Tag: kharma

Never Leave an Ironing Board up Overnight in the Kitchen and other Musings by X, formerly Xanthe

If a young bride were to come to me and ask for homemaking advice (unlikely since I’ve never been married) – my maxim would be “Never Leave an Ironing Board up Overnight in the Kitchen.”  You can leave it up in the dining or living room because when company comes – you are sure to clean it off and parcel it off to the basement or nearest closet.  But in the kitchen, it becomes counter space, and one morning with a cab honking outside waiting to take you to the airport, you will be ironing your white cotton blouse on the real granite counter space and wondering where your luggage tags are, the ones you bought last year.  They are on the ironing board where you put them about six months ago, now covered by unfinished crossword puzzles, Spanish grammar books (unopened), several items of clothing needing new zippers and buttons and three cats sitting with their paws folded watching you with interest.  (Where is she going do you think?  Who will feed us?)  A minor advisory warning, but certainly worth thinking about.



Social Security and Self-Esteem – Self-Worth – Self-Confidence (you know that kind of stuff)

If SS is cut in a real meaningful way, older women will be in the center pathway of that oncoming truck crash.
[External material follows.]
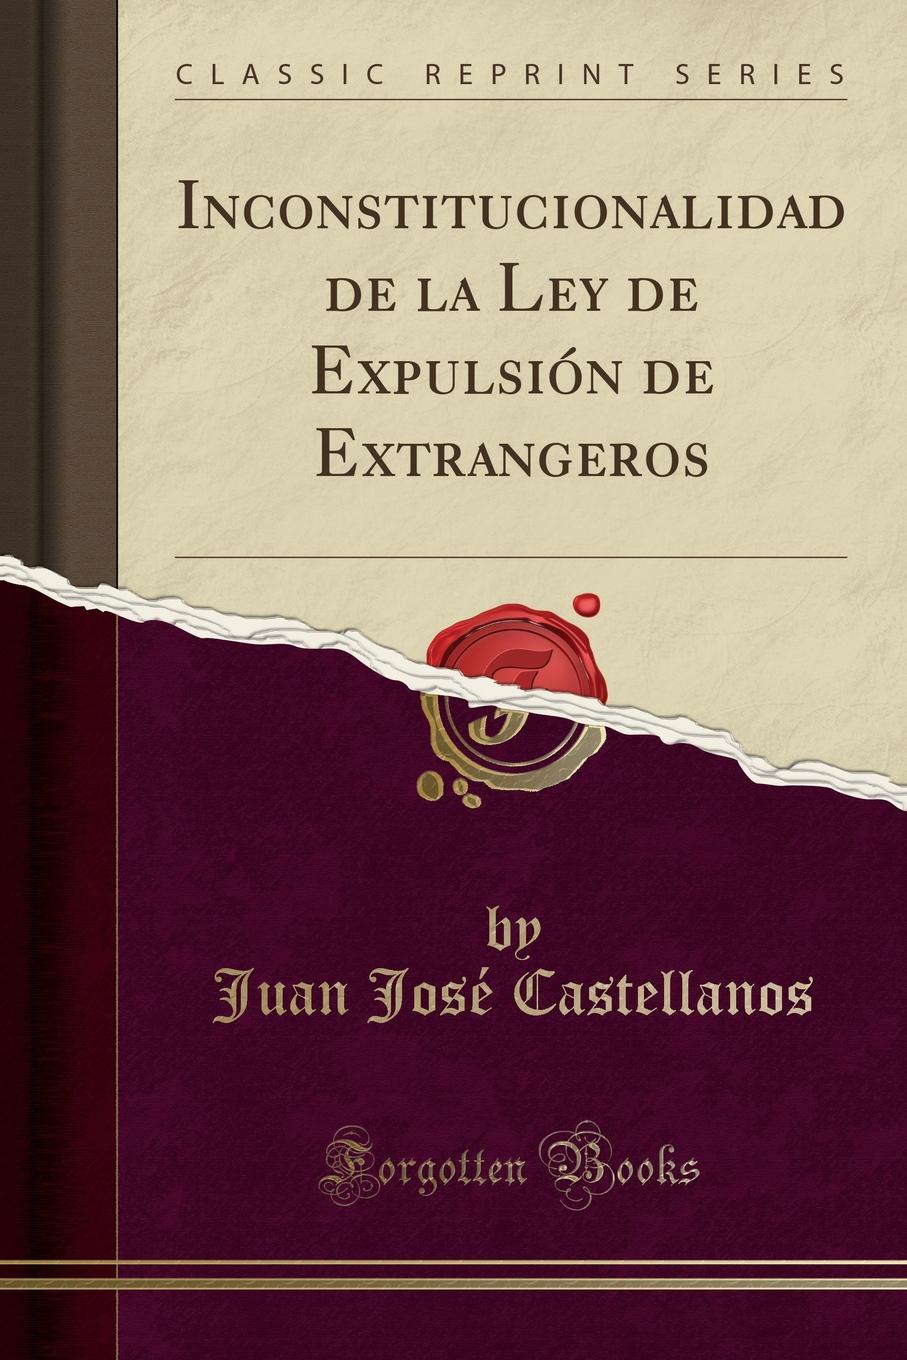 Juan José Castellanos Inconstitucionalidad de la Ley de Expulsion de Extrangeros (Classic Reprint)

I am a member of the Silent Generation – raised by children of the depression.  I watched my father especially trying to navigate in this money equals worth world with a kind of timidity and lack of self-esteem as closely as only girl children observe their fathers – with a mixture of anger and pity.  It certainly was a marker to my future choice of men – I am a rescuer and then I get angry.  ‘Nuff said.  That would require a novel so I won’t elucidate.  My mother was feisty but looking back I think women are allowed a leeway that men aren’t as far as rebellion against an unjust society – just enough, mind you – but women just aren’t threatening the way men are.  Or maybe it was just a reaction to the husband she married.  My father was a good and gentle man.  He was very smart – could have been an engineer had he been born a few years later or had some meaningful help.  But I am pretty much what I am due to the scars of that 30s depression – it defined him and I have to fight for other definition markers.  My son, having been raised by me alone, has exactly the opposite tendencies.  He needs to worry more, not less.  He may be learning these hard lessons now (another diary) but that is also a legacy of that ’30s political and economic landscape – these damages are handed down one, two generations.  And they are costly, in oh so many ways, financially and damming up a creativity and spirituality and generosity of spirit because we are afraid.  As to self-sacrifice, in my experience we are good at that.  Dick Durben, in his exhortation to us older ladies to stop whining and face the reality of self-sacrifice needs to observe his constitutency (or should I say prior constituency) – and honor us, not slap us around.  But what the heck – he’s a member of Congress.  What can we expect?

Self worth, self confidence translates into a productive society with enough for everyone, happiness included.  These financial breakdowns managed by thieves and murderers and aided by sissy lawmakers make sure there will be monumental breaks in society every so often.  Count on it.